AWK是一种处理文本文件的语言。它将文件作为记录序列处理。在一般情况下，文件内容的每行都是一个记录。每行内容都会被分割成一系列的域，因此，我们可以认为一行的第一个词为第一个域，第二个词为第二个，以此类推。AWK程序是由一些处理特定模式的语句块构成的。AWK一次可以读取一个输入行。对每个输入行，AWK解释器会判断它是否符合程序中出现的各个模式，并执行符合的模式所对应的动作。

格式

1	`awk [ -F fs ] [ -v var=value ] [ 'prog' \| -f progfile ] [ file ... ]`

参数

案例

man

AWK(1)			     General Commands Manual			  AWK(1)



NAME
       awk - pattern-directed scanning and processing language

SYNOPSIS
       awk [ -F fs ] [ -v var=value ] [ 'prog' | -f progfile ] [ file ...  ]

DESCRIPTION
       Awk scans each input file for lines that match any of a set of patterns
       specified literally in prog or in one or more files specified as -f
       progfile.  With each pattern there can be an associated action that will
       be performed when a line of a file matches the pattern.	Each line is
       matched against the pattern portion of every pattern-action statement;
       the associated action is performed for each matched pattern.  The file
       name - means the standard input.  Any file of the form var=value is
       treated as an assignment, not a filename, and is executed at the time it
       would have been opened if it were a filename.  The option -v followed by
       var=value is an assignment to be done before prog is executed; any number
       of -v options may be present.  The -F fs option defines the input field
       separator to be the regular expression fs.

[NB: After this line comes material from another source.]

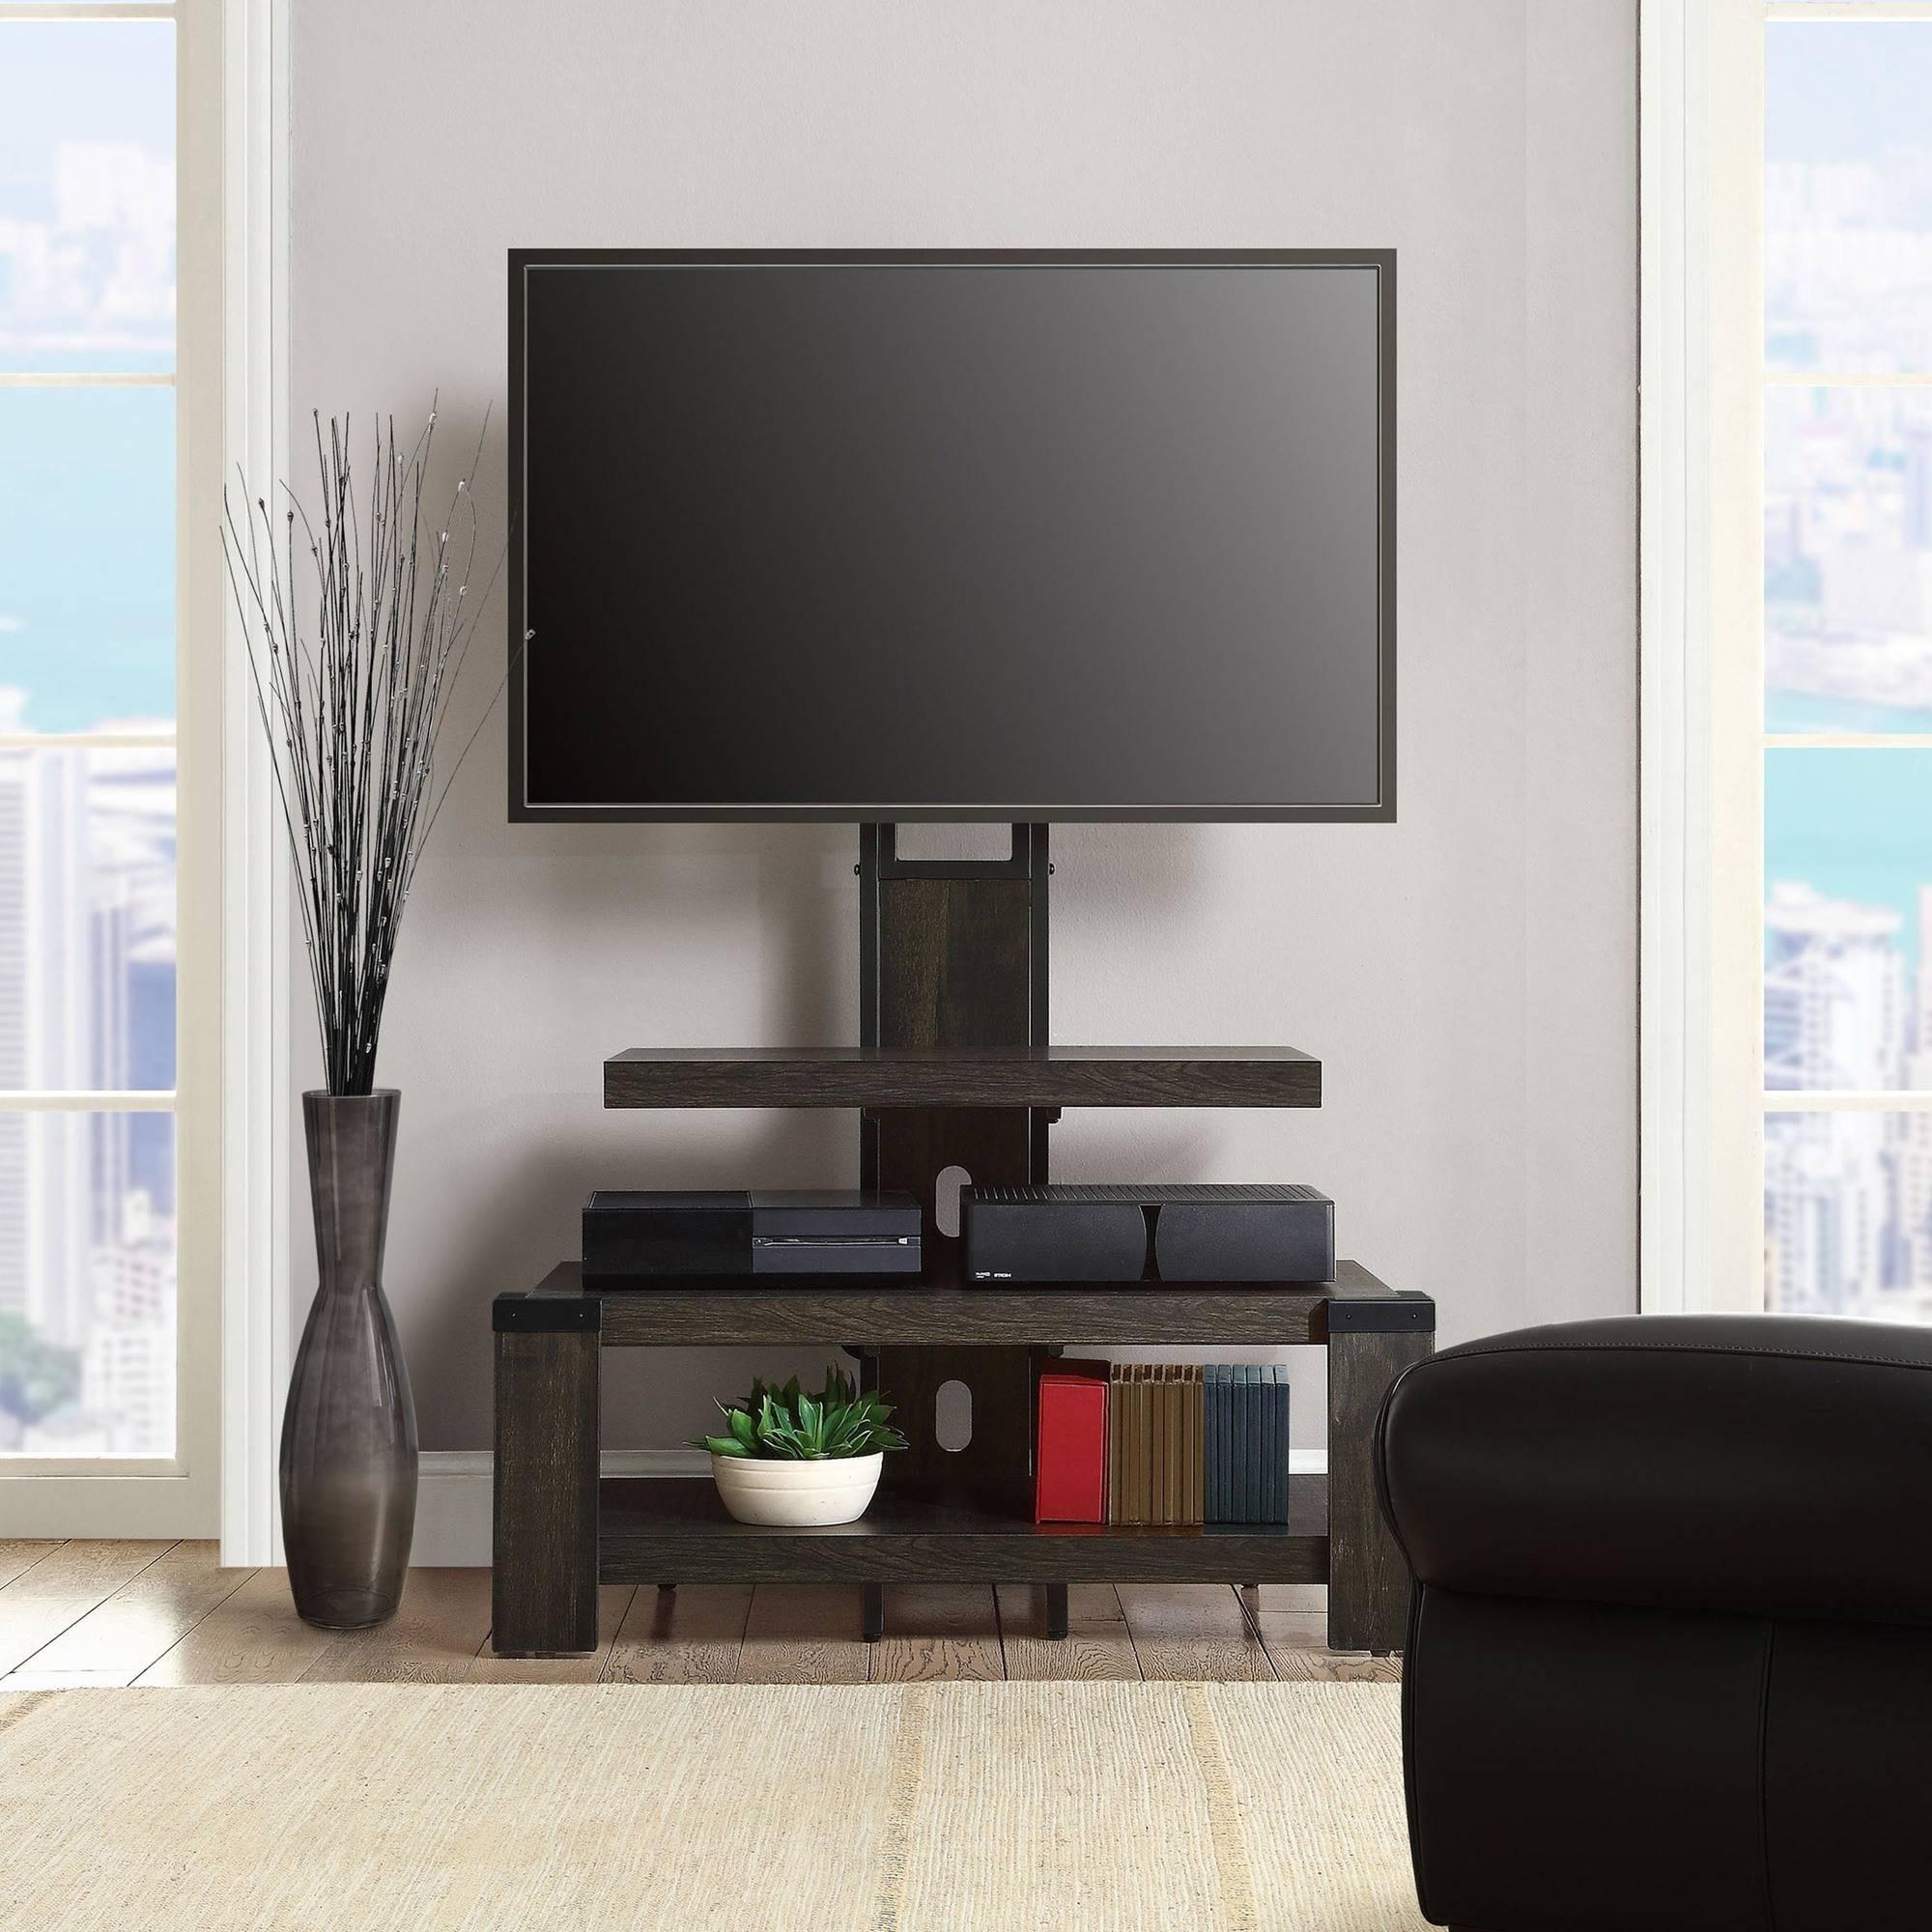 Whalen Shelf Tv Stands (View 2 of 6)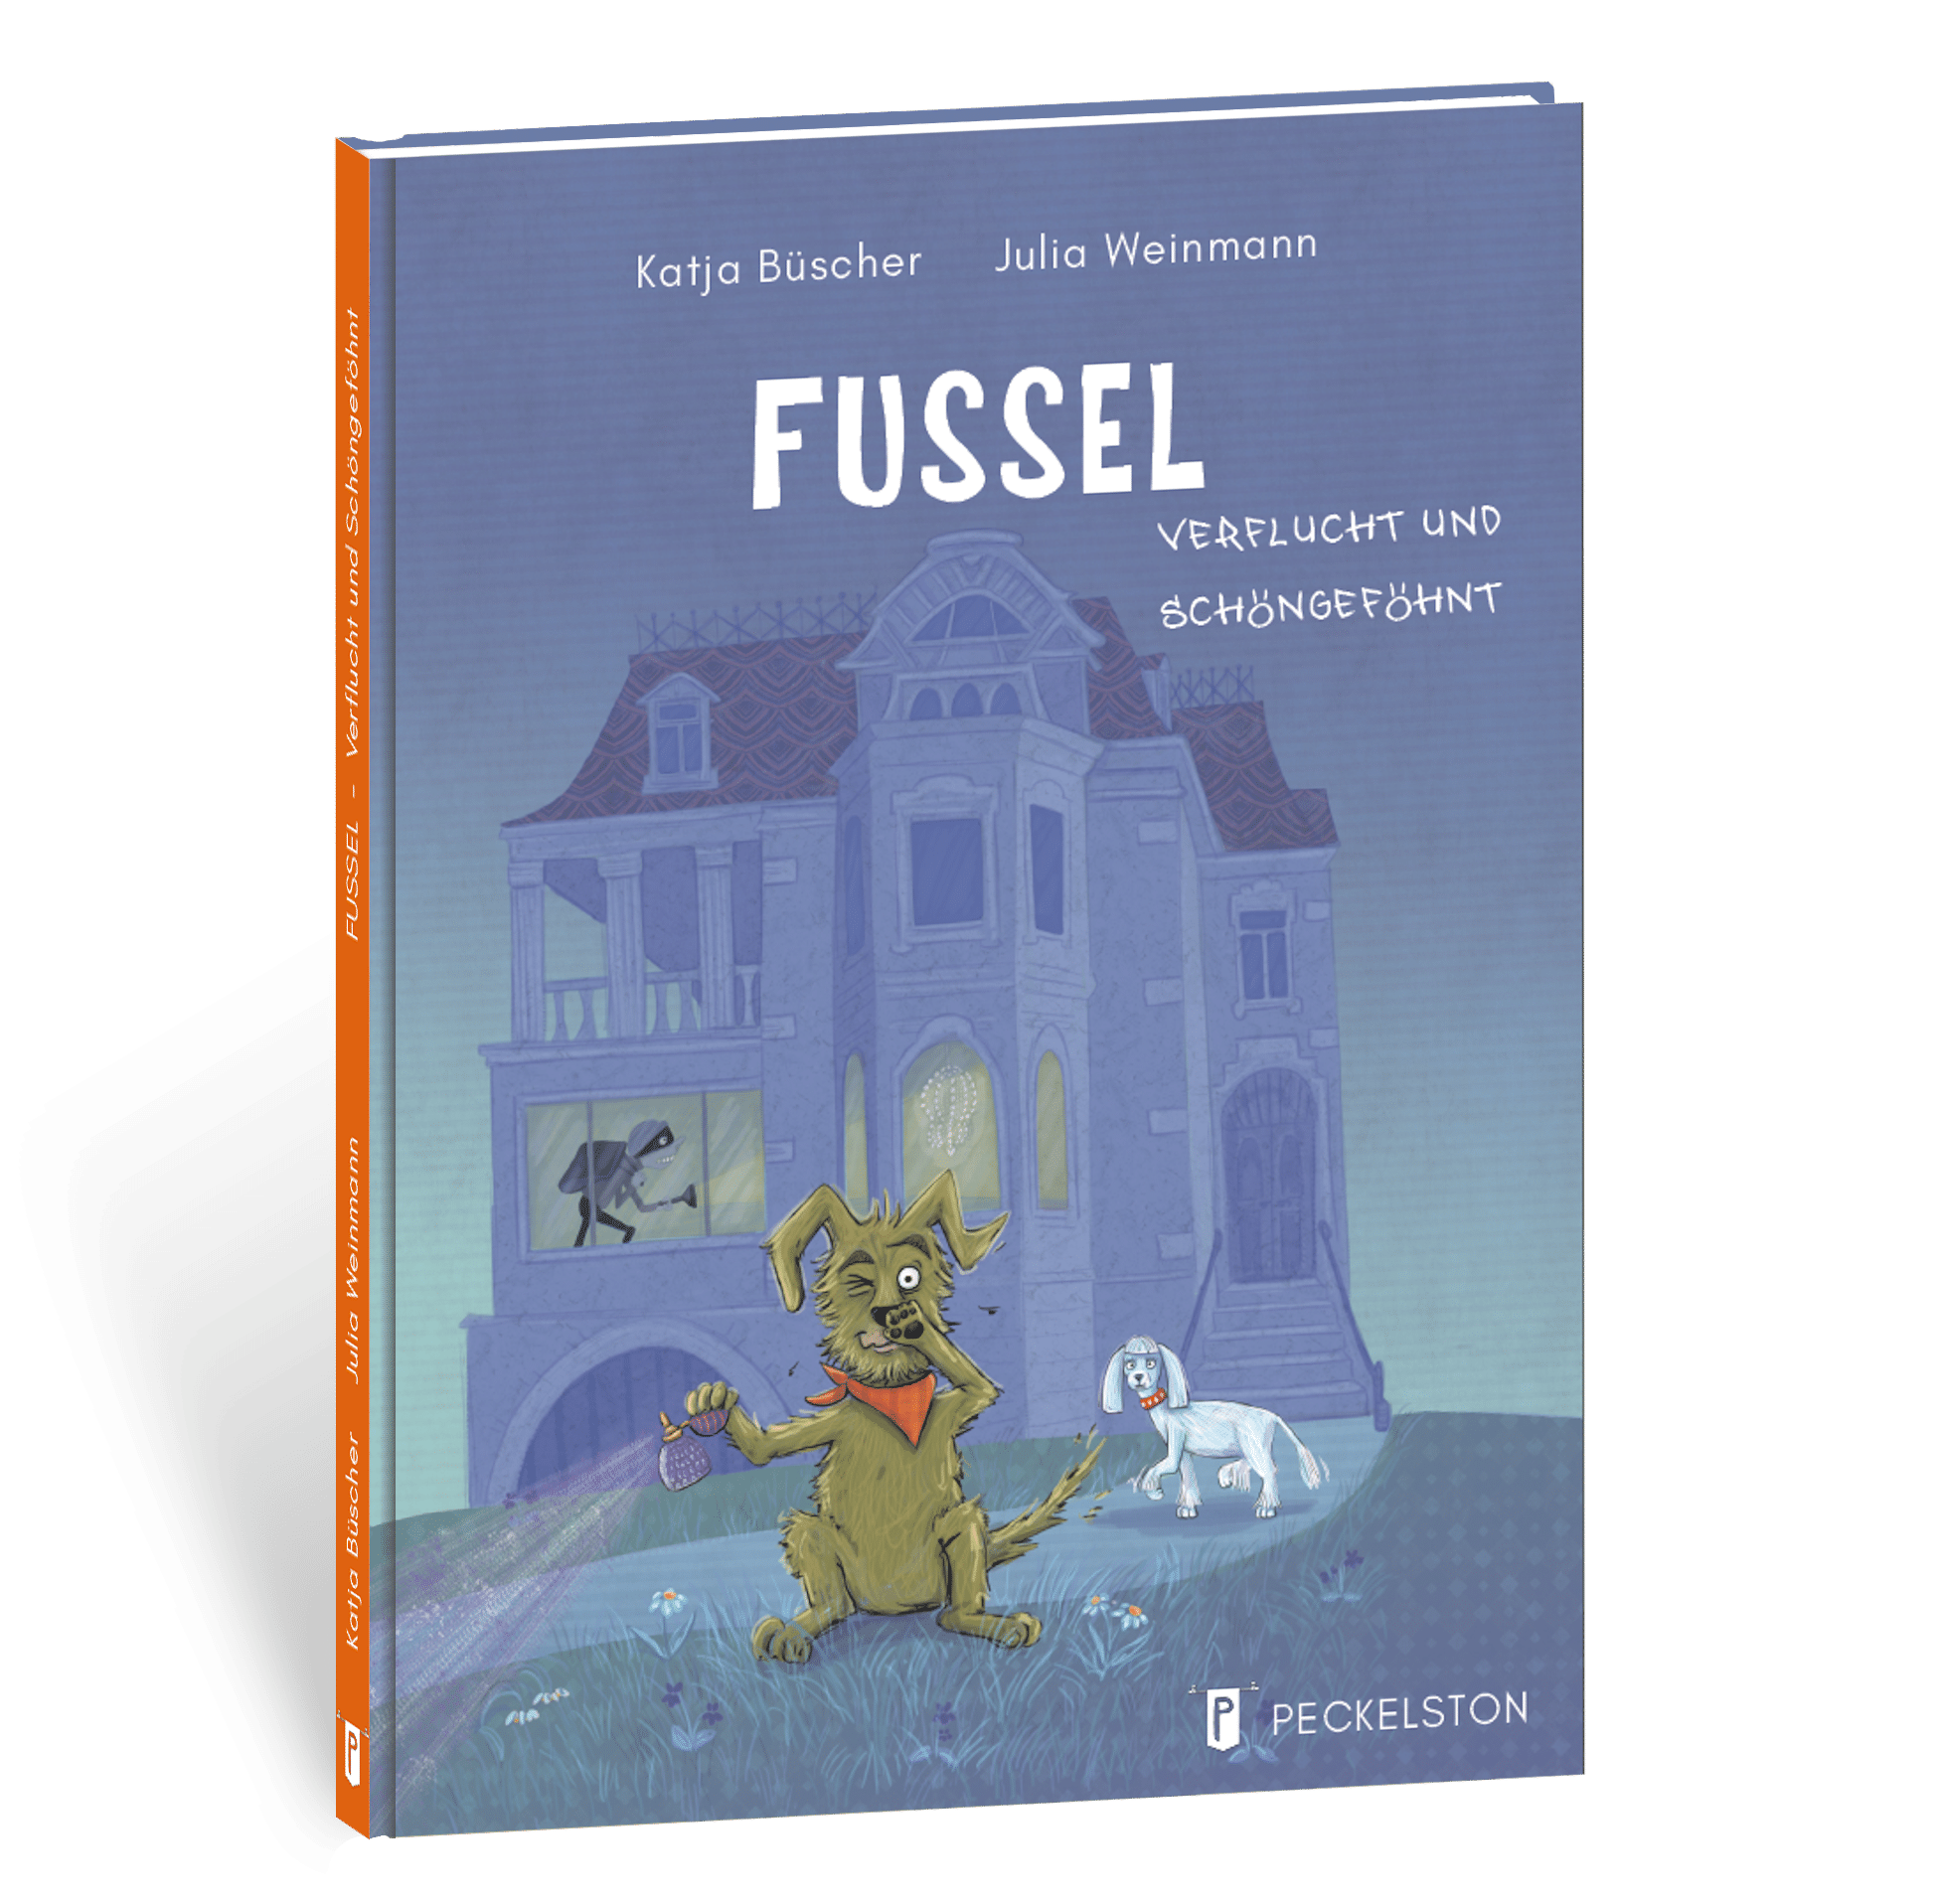 katja büscher fussel peckelston kinderbuchverlag Julia Weinmann

       An input line is normally made up of fields separated by white space, or
       by the regular expression FS.  The fields are denoted $1, $2, ..., while
       $0 refers to the entire line.  If FS is null, the input line is split
       into one field per character.

       A pattern-action statement has the form:

	      pattern { action }

       A missing { action } means print the line; a missing pattern always
       matches.  Pattern-action statements are separated by newlines or
       semicolons.

       An action is a sequence of statements.  A statement can be one of the
       following:

	      if( expression ) statement [ else statement ]
	      while( expression ) statement
	      for( expression ; expression ; expression ) statement
	      for( var in array ) statement
	      do statement while( expression )
	      break
	      continue
	      { [ statement ... ] }
	      expression	      # commonly var = expression
	      print [ expression-list ] [ > expression ]
	      printf format [ , expression-list ] [ > expression ]
	      return [ expression ]
	      next		      # skip remaining patterns on this input line
	      nextfile		      # skip rest of this file, open next, start at top
	      delete array[ expression ]# delete an array element
	      delete array	      # delete all elements of array
	      exit [ expression ]     # exit immediately; status is expression

       Statements are terminated by semicolons, newlines or right braces.  An
       empty expression-list stands for $0.  String constants are quoted " ",
       with the usual C escapes recognized within.  Expressions take on string
       or numeric values as appropriate, and are built using the operators + - *
       / % ^ (exponentiation), and concatenation (indicated by white space).
       The operators ! ++ -- += -= *= /= %= ^= > >= < <= == != ?: are also
       available in expressions.  Variables may be scalars, array elements
       (denoted x[i]) or fields.  Variables are initialized to the null string.
       Array subscripts may be any string, not necessarily numeric; this allows
       for a form of associative memory.  Multiple subscripts such as [i,j,k]
       are permitted; the constituents are concatenated, separated by the value
       of SUBSEP.

       The print statement prints its arguments on the standard output (or on a
       file if > file  or >> file  is present or on a pipe if | cmd  is
       present), separated by the current output field separator, and terminated
       by the output record separator.	file and cmd may be literal names or
       parenthesized expressions; identical string values in different
       statements denote the same open file.  The printf statement formats its
       expression list according to the format (see printf(3)).  The built-in
       function close(expr) closes the file or pipe expr.  The built-in function
       fflush(expr) flushes any buffered output for the file or pipe expr.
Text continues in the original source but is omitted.